§ **AVAILABLE DATA**:
#####
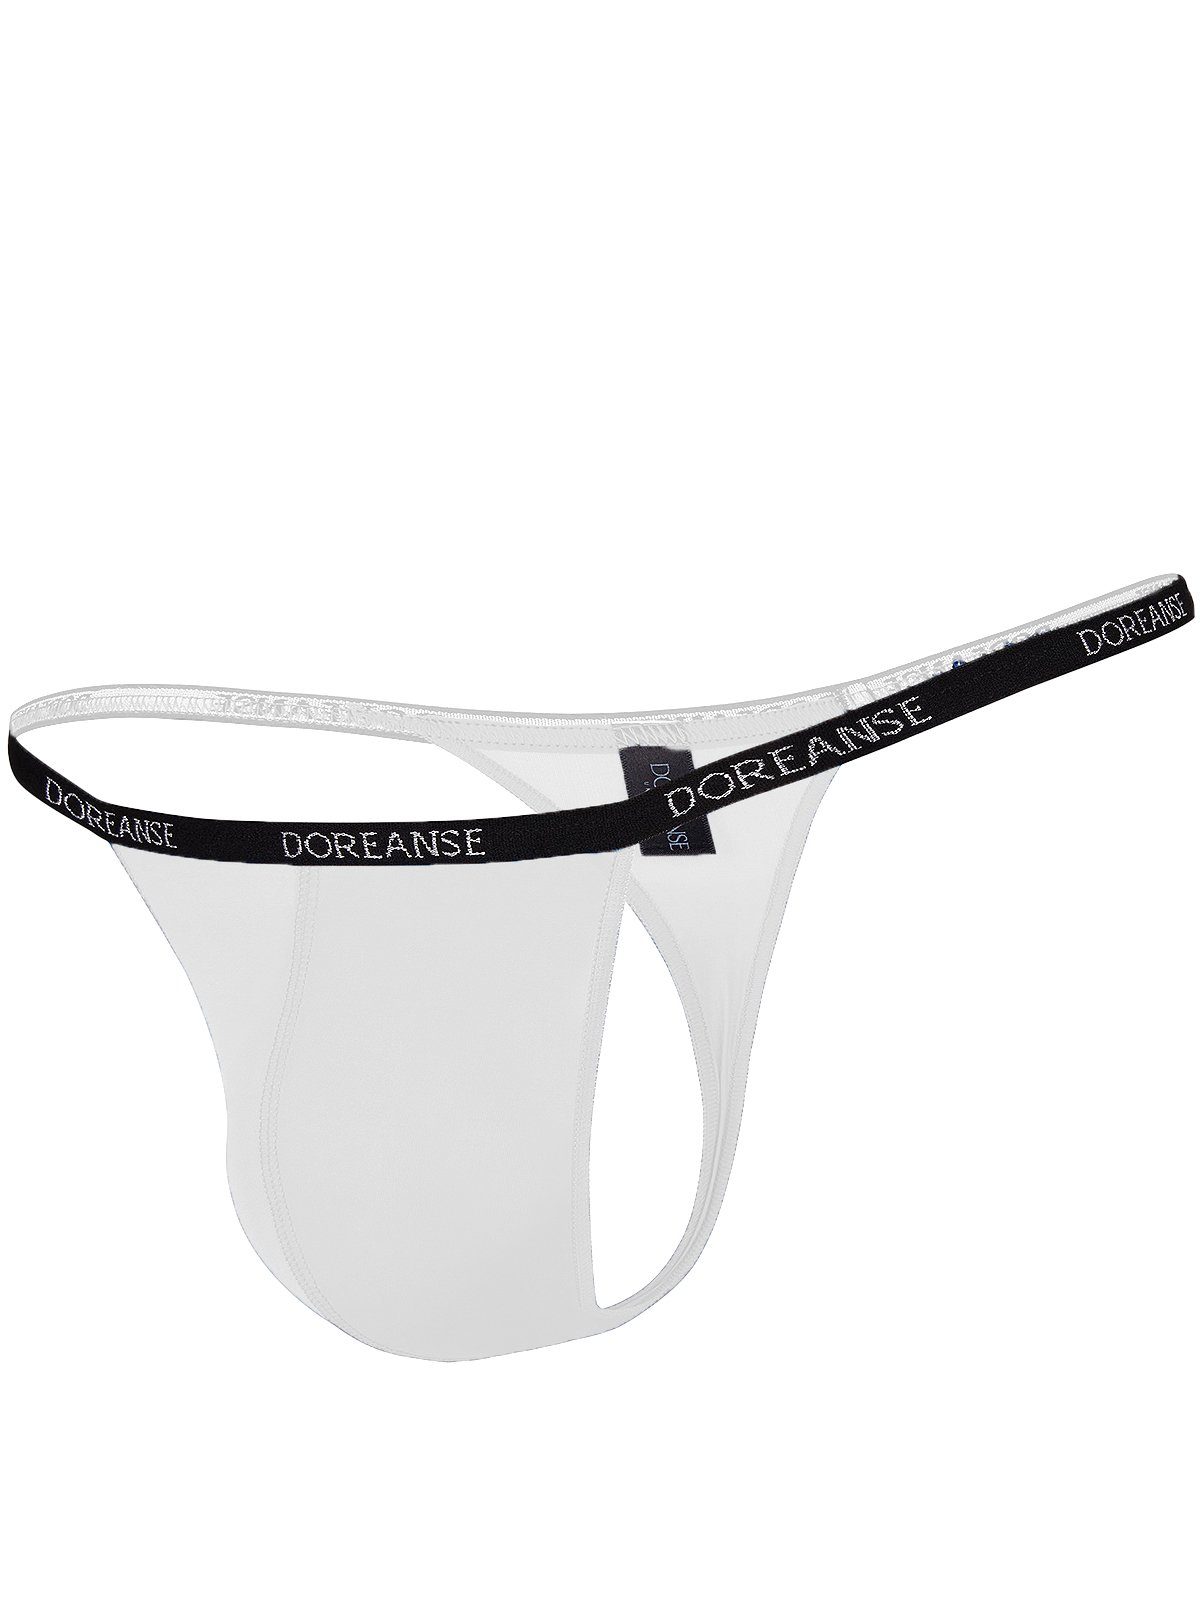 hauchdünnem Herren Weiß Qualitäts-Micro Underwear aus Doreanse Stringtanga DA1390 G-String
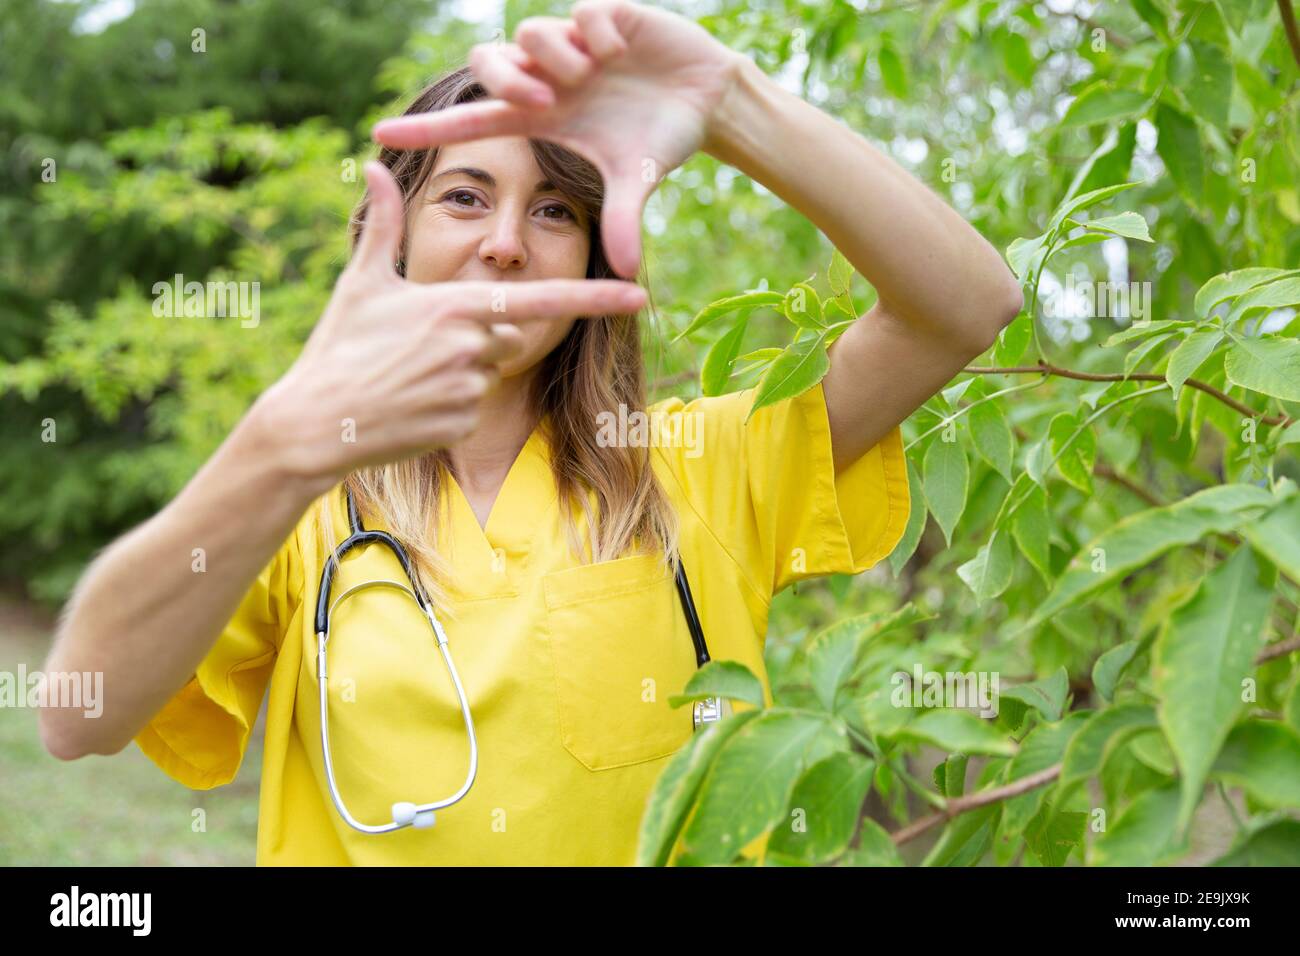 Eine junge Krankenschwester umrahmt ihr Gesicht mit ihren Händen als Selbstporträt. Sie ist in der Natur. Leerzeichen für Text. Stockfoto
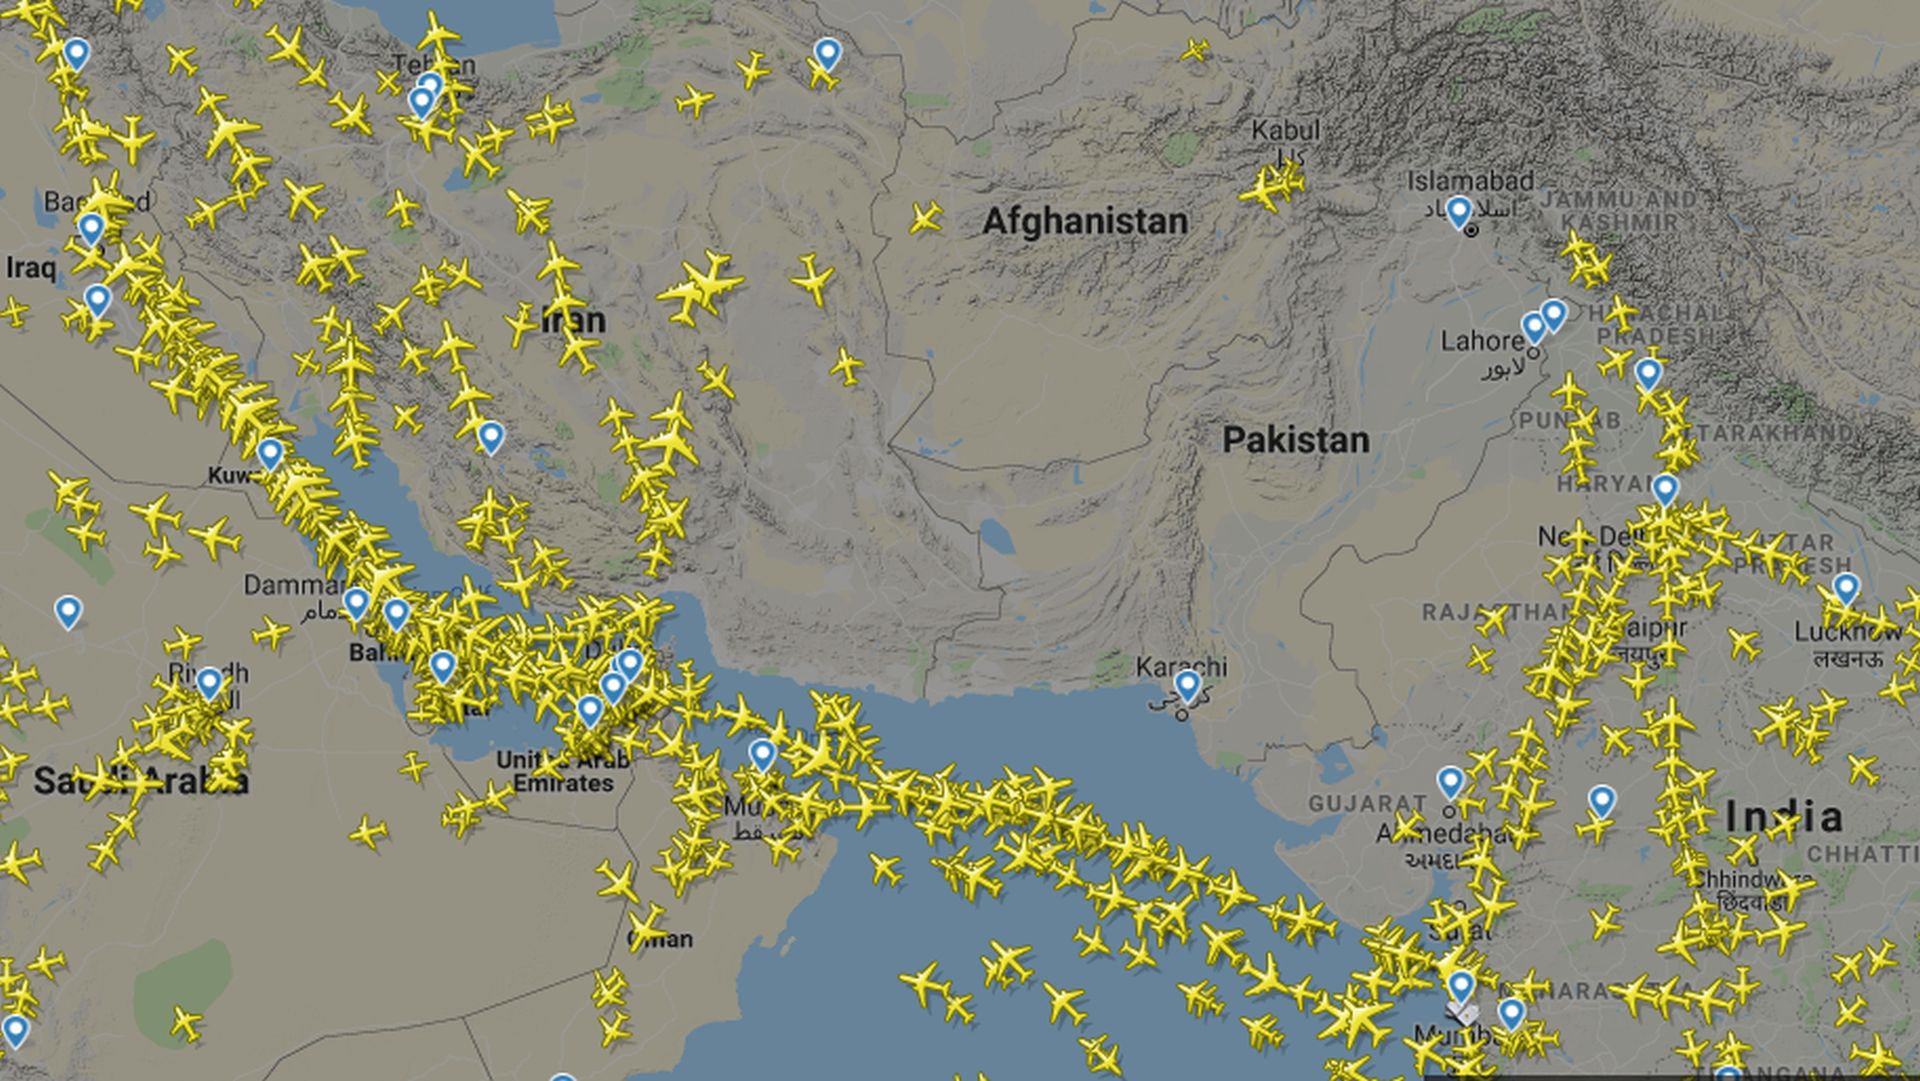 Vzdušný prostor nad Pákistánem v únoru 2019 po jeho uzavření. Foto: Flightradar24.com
#####
In transcribing the lines above, omit the images and keep all else exact.

 hauchdünnem Herren Weiß Qualitäts-Micro Underwear aus Doreanse Stringtanga DA1390 G-String
 Eine junge Krankenschwester umrahmt ihr Gesicht mit ihren Händen als Selbstporträt. Sie ist in der Natur. Leerzeichen für Text. Stockfoto
 Vzdušný prostor nad Pákistánem v únoru 2019 po jeho uzavření. Foto: Flightradar24.com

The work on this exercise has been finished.